Gov'ts, donors pledge over $200M in new funds for Rohingya

U.S. William Lacy Swing, left, Director General of the International Organization for Migration, IOM, Mark Lowcock, center, U.N. Emergency Relief Coordinator, and U.N. High Commissioner for Refugees, UNHCR, Italian Filippo Grandi, right, listen to a journalist's question, during a press briefing after the Pledging Conference for the Rohingya Refugee Crisis, at the European headquarters of the United Nations in Geneva, Switzerland, Monday, Oct. 23, 2017. (Salvatore Di Nolfi/Keystone via AP)

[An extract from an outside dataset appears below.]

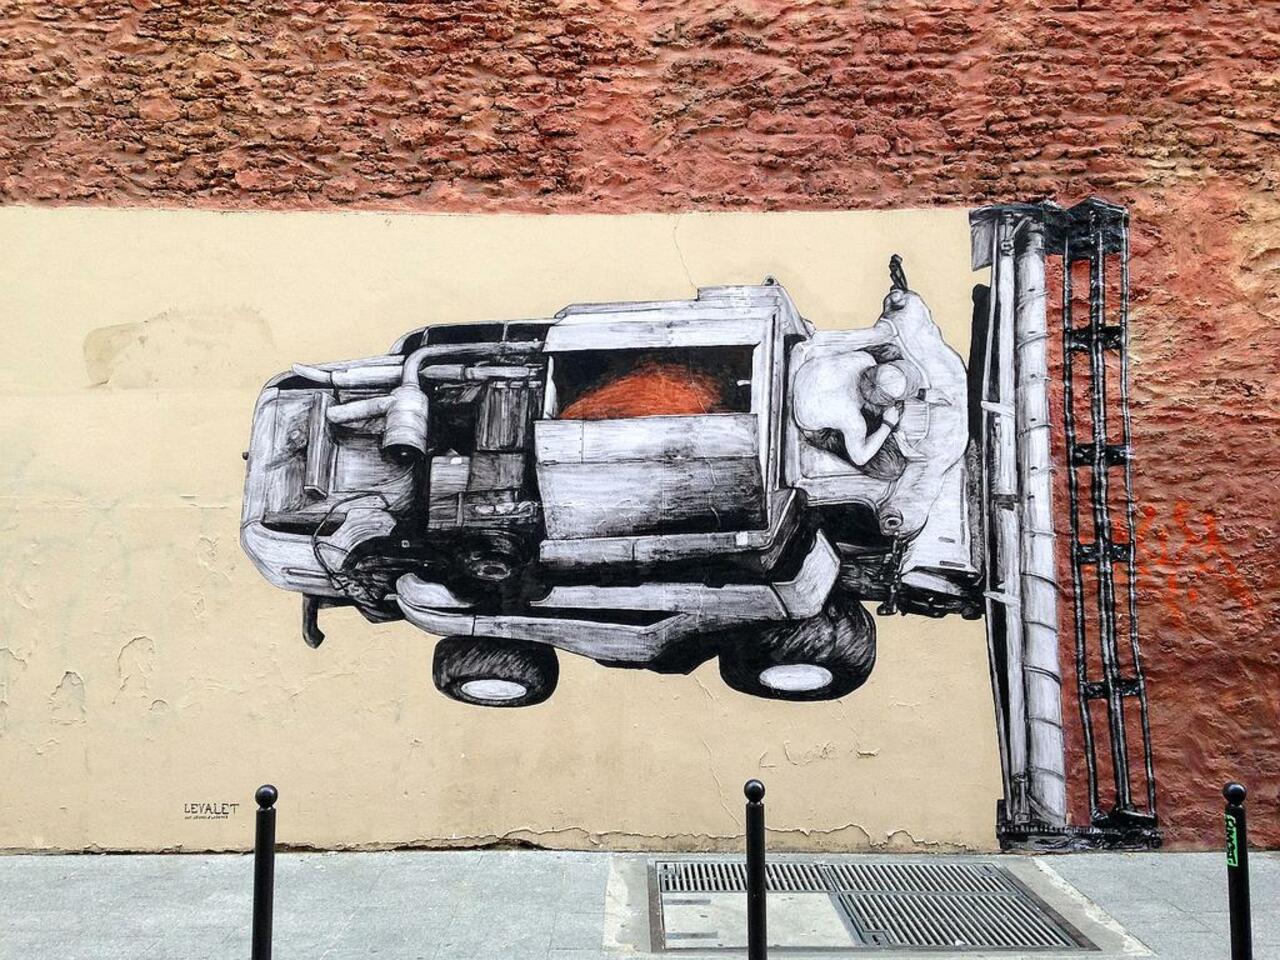 Street Art by Levalet in #Paris http://www.urbacolors.com #art #mural #graffiti #streetart http://t.co/L4eTyOEOMd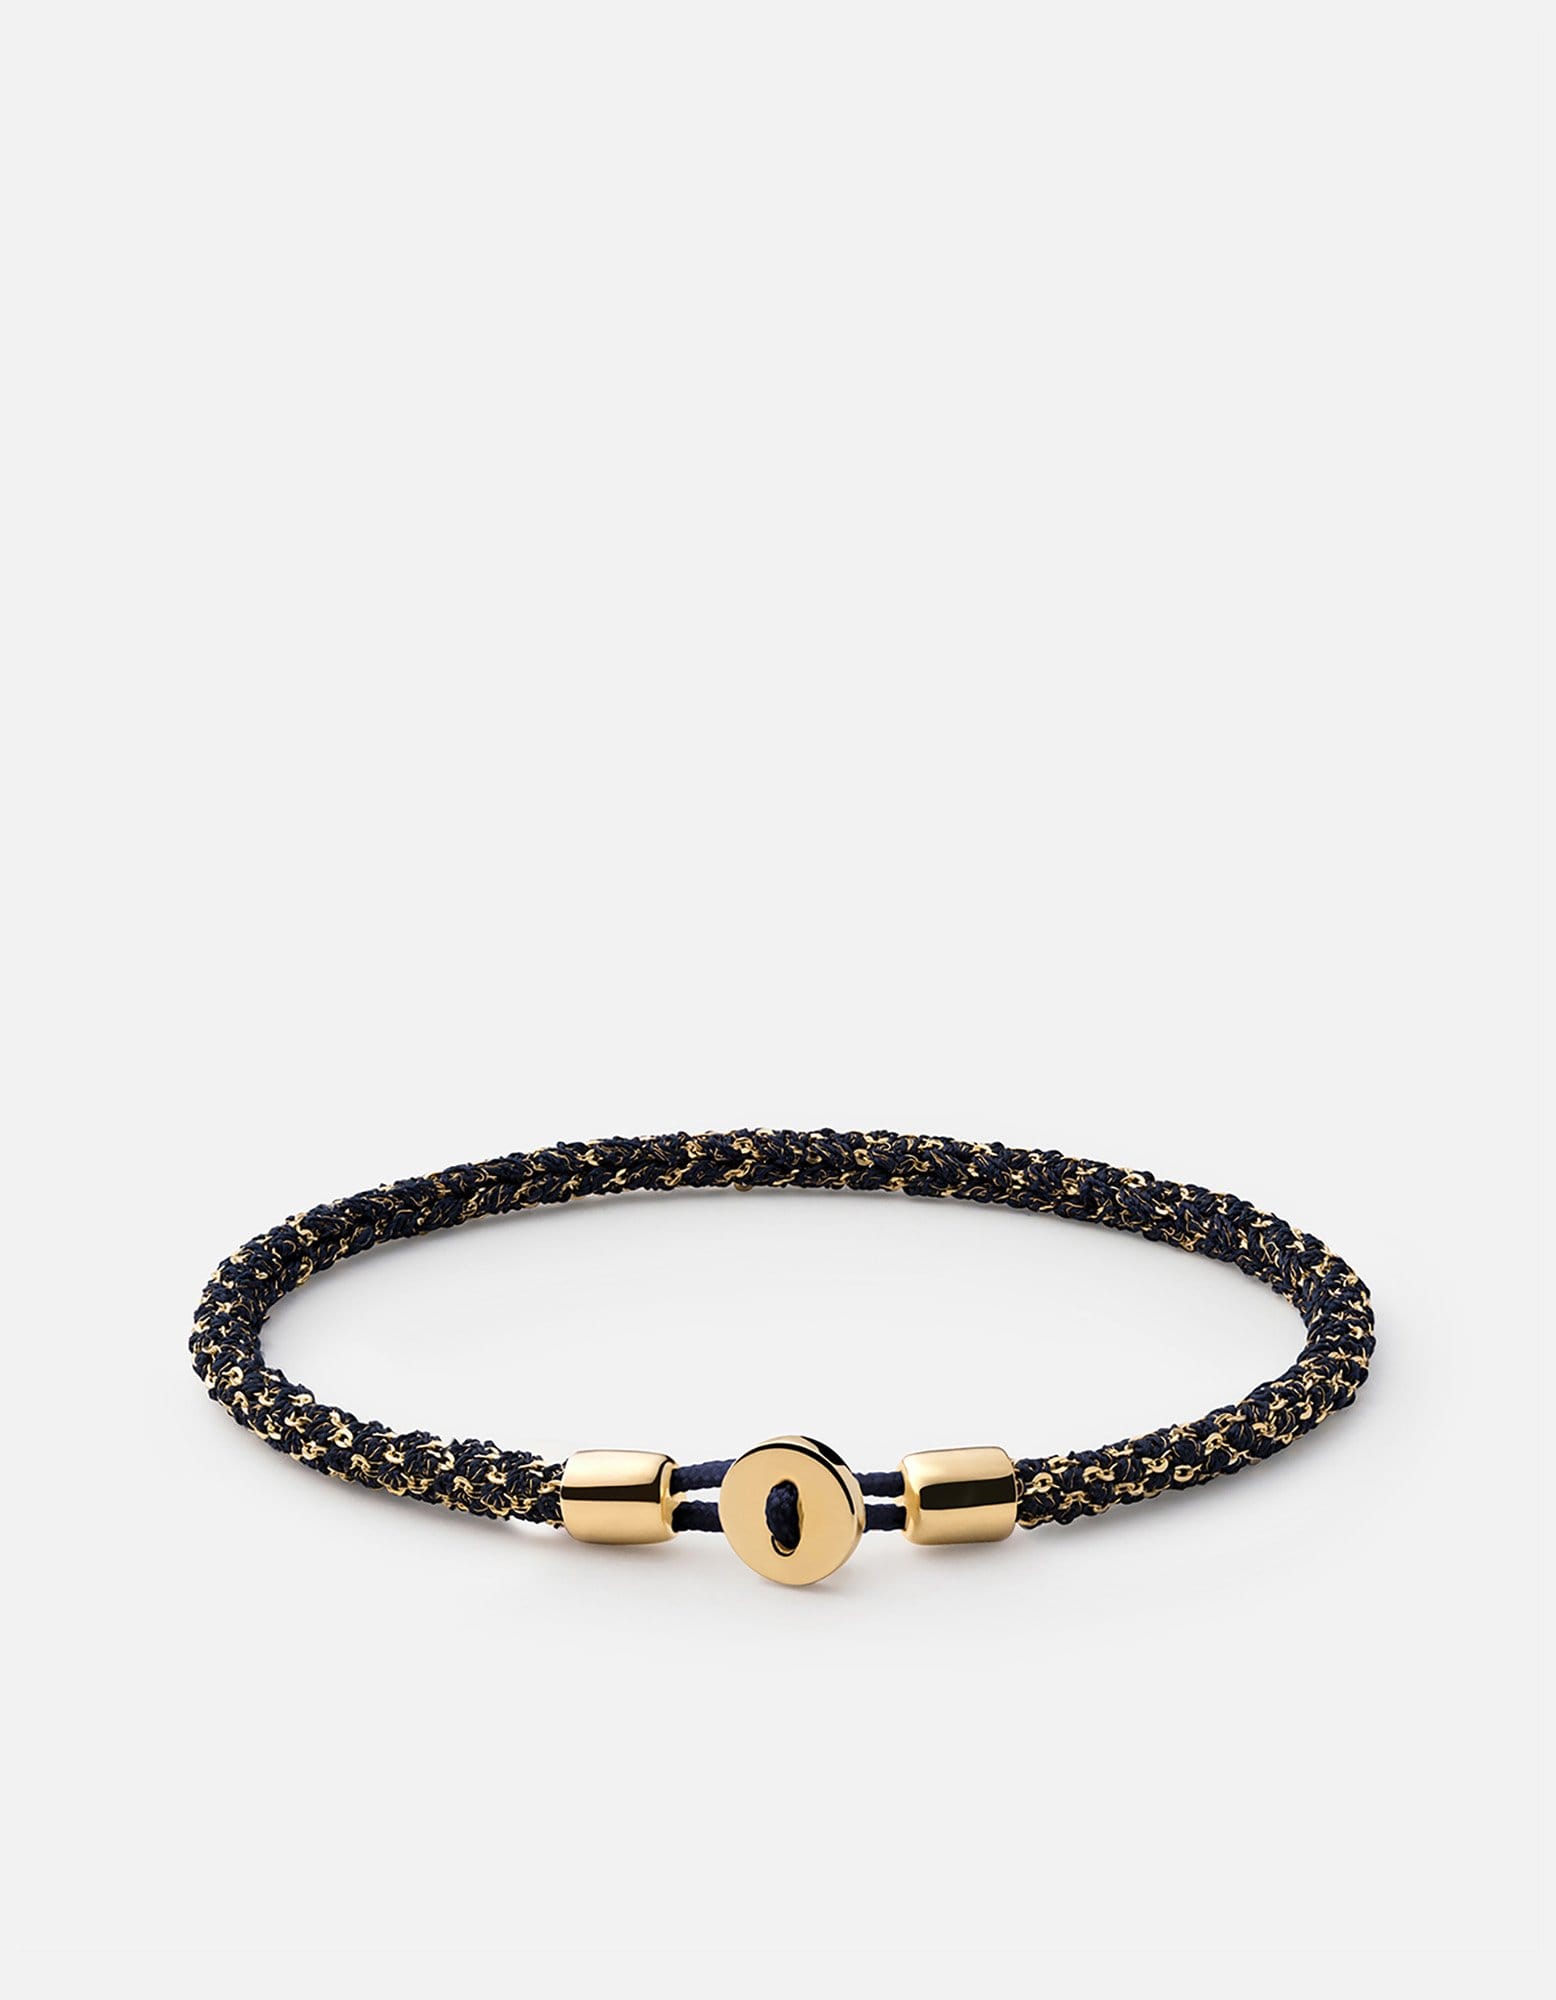 Nexus Woven Bracelet, Gold Vermeil, Polished | Women's Bracelets | Miansai

GENEVA — Governments and international donors pledged $234 million on yesterday to help over 600,000 Rohingya people who have fled violence in Myanmar into neighboring Bangladesh over the last two months.

The head of the UN's aid coordination agency said a one-day conference co-hosted by the European Union and Kuwait's government had taken important strides in meeting a recent UN target for $434 million in aid for Rohingya refugees through February. At the start of the conference $116 million had been committed already.

Mark Lowcock, head of the UN Office for the Coordination of Humanitarian Affairs, told reporters that new pledges yesterday brought the total to $340 million.

However, OCHA spokeswoman Vanessa Huguenin clarified later that while all that money was destined for the Rohingya crisis response, not all was going to UN programs: Some would help the Red Cross response or bilateral programs outside the United Nations, she said in an e-mail.

Lowcock said more contributions were still expected, though he added he wasn't able to immediately specify whether those would come in yesterday or at a later date.

Speaking to conference attendees as the session opened, Lowcock lamented a "humanitarian and human rights nightmare" faced by Rohingya refugees in Bangladesh. He said the main focus of the event was "mobilizing resources to save lives and protect people."

The UN refugee agency, UNHCR, said earlier yesterday that an estimated 603,000 people have fled into Bangladesh since security forces in neighboring Myanmar launched a violent crackdown against them on Aug. 25 in the wake of militant attacks.

The influx comes on top of hundreds of thousands of Rohingya who had fled into Bangladesh previously.

Lowcock also didn't rule out that UN officials could launch a new appeal to "generous" donors again in the future, depending on how circumstances develop.

Standing beside Lowcock, Director-General William Swing of the International Organization for Migration — who was fresh off a trip to the region — said that based on current trends, "the numbers are expected to exceed a million fairly shortly."

Over half of those who have fled in the latest wave are children.

The scorched-earth campaign by Myanmar's security forces has involved killings, rape and the burning of entire villages. Myanmar's government has said it was responding to attacks by Muslim insurgents, but the United Nations and others have said the response was disproportionate.

The UN human rights chief, Zeid Ra'ad al-Hussein, has decried a "textbook example of ethnic cleansing."